在阿拉伯世界,针对青少年和青年群体的精神障碍研究相对较少。据我们所知,在阿曼进行的这项 2 期调查是首次全国代表性的基于学校的研究,旨在通过使用世界心理健康综合国际诊断访谈(WMH-CIDI)来确定 DSM-IV 精神障碍(终身和过去 12 个月)的患病率、发病年龄分布,并确定过去 12 个月的严重程度,WMH-CIDI 可用于国际比较。
共有 1836 名学生参加了多阶段、分层、随机抽样设计(第 1 阶段)的随机子样本的第 2 阶段,其中 1682 名(91.61%)学生参加了面对面的结构化访谈,使用阿拉伯语版 WMH-CIDI 3.0。
第 1 阶段使用一般健康问卷(GHQ-12)和儿童抑郁量表(CDI)的结果显示,在 5409 名青少年和青年的更大样本中,有 17%存在抑郁症状。在该样本的第 2 阶段受访者中,有 13.9%至少有一个 DSM-IV 诊断标签。
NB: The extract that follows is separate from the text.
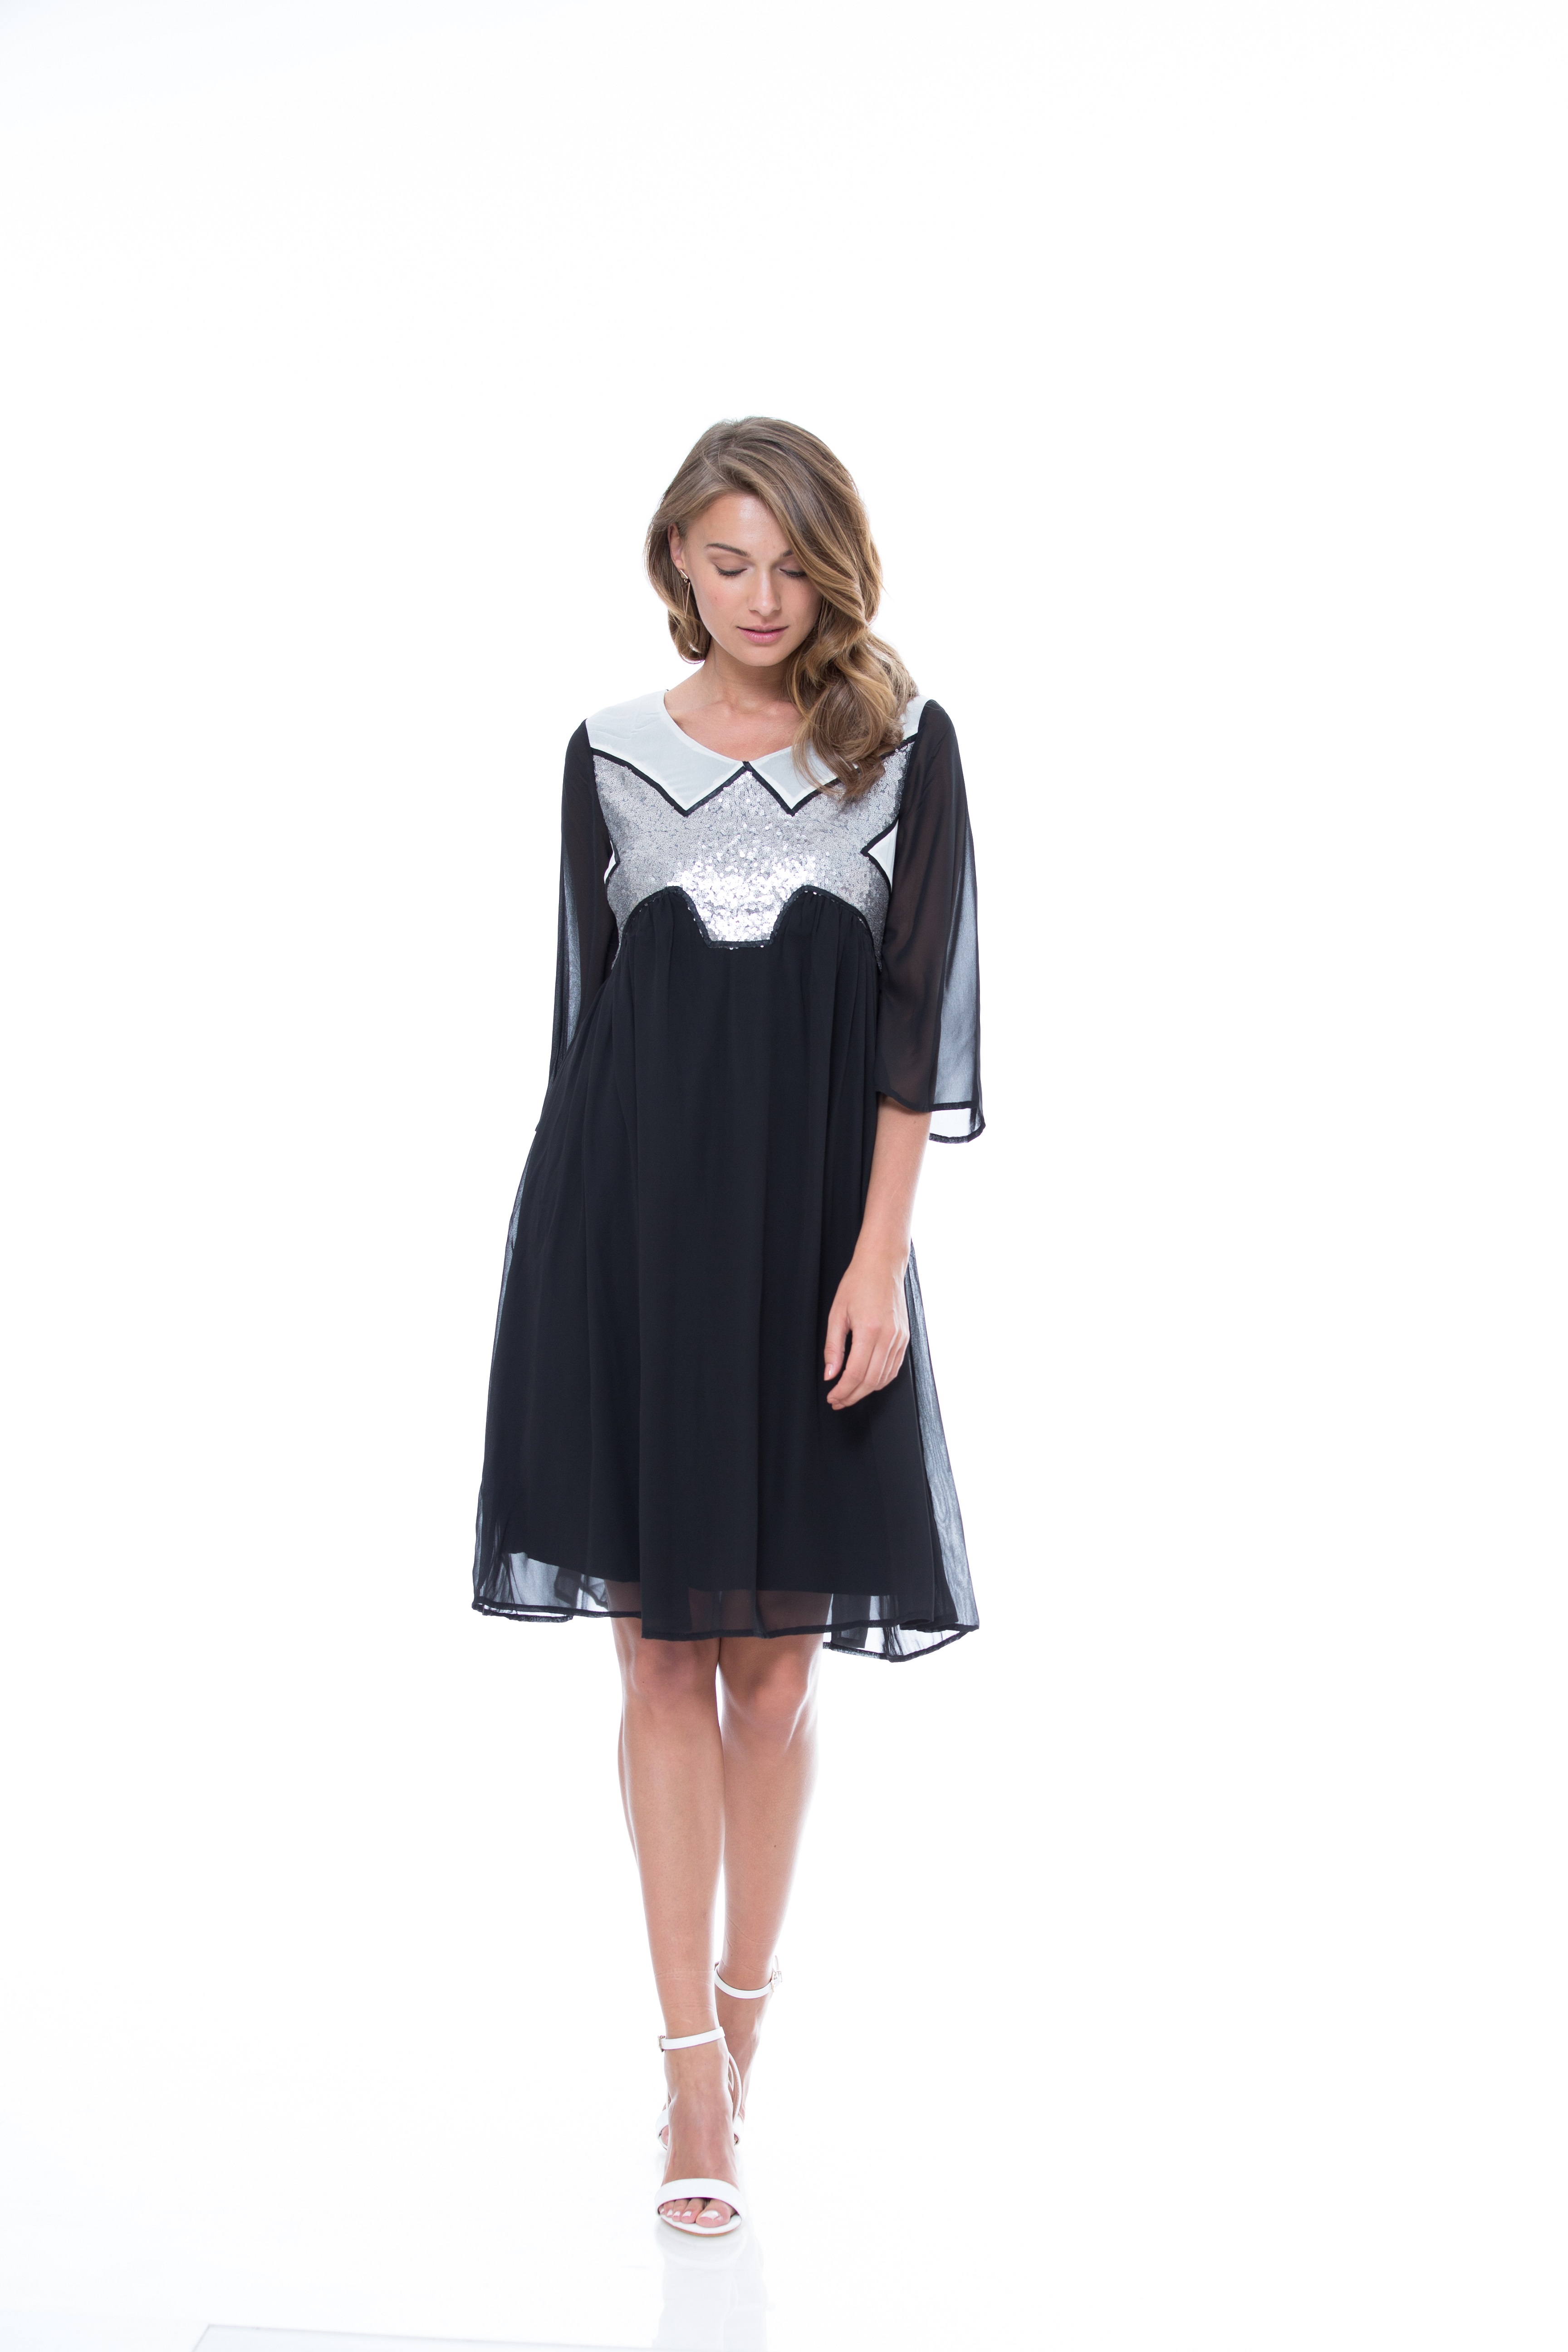 שמלת ערב שחורה- מטאלית, 359 שח, להשיג בהדס עיצוב אופנה לירידי החגים של SHEEK ME,  אמיר צוק צלם

终身患重度抑郁症(MDD)的患病率为 3.0%;双相情感障碍(BMD)为 1%,特定恐惧症为 5.8%,社交恐惧症为 1.6%。女性是 MDD 终生风险的强烈预测因素(OR 3.3,95%CI 1.7-6.3,p=0.000);任何心境障碍(OR 2.5,95%CI 1.4-4.3,p=0.002)和特定恐惧症(OR 1.5,95%CI 1.0-2.4,p=0.047)。对于在过去 12 个月被诊断为 DSM-IV 障碍的病例,女性的疾病严重程度低 80%(OR 0.2,95%CI 0.0-0.8)。与终身患病率相比,在过去 12 个月的估计患病率显示 MDD、特定恐惧症、社交恐惧症、任何焦虑障碍(AAD)和任何心境障碍(AMD)的患病率降低了 25%至 40%,而分离焦虑障碍/成人分离焦虑(SAD/ASA)的患病率降低了 80%。与年龄较大的年龄组相比,14-16 岁年龄组的心境障碍明显较低(低 70%),而 AMD 则显示出随着年龄组的增加,患病率呈线性增加(p=0.035)。
目前研究结果的意义尚不清楚,但本研究支持成人 CIDI 研究的发现,即精神障碍确实更早开始出现。DSM-IV 抑郁障碍的相对较低患病率告诫人们,基于同一时间同一样本中抑郁症状的单独研究得出的膨胀结果,不应得出任何结论性解释。女性是 MDD、任何心境障碍和特定恐惧症的终生风险的强烈预测因素。男性或其他特定性别因素的漏报可能导致了这种差异。患有 12 个月 DSM-IV 障碍的病例的疾病严重程度的可能性在女性中显著降低。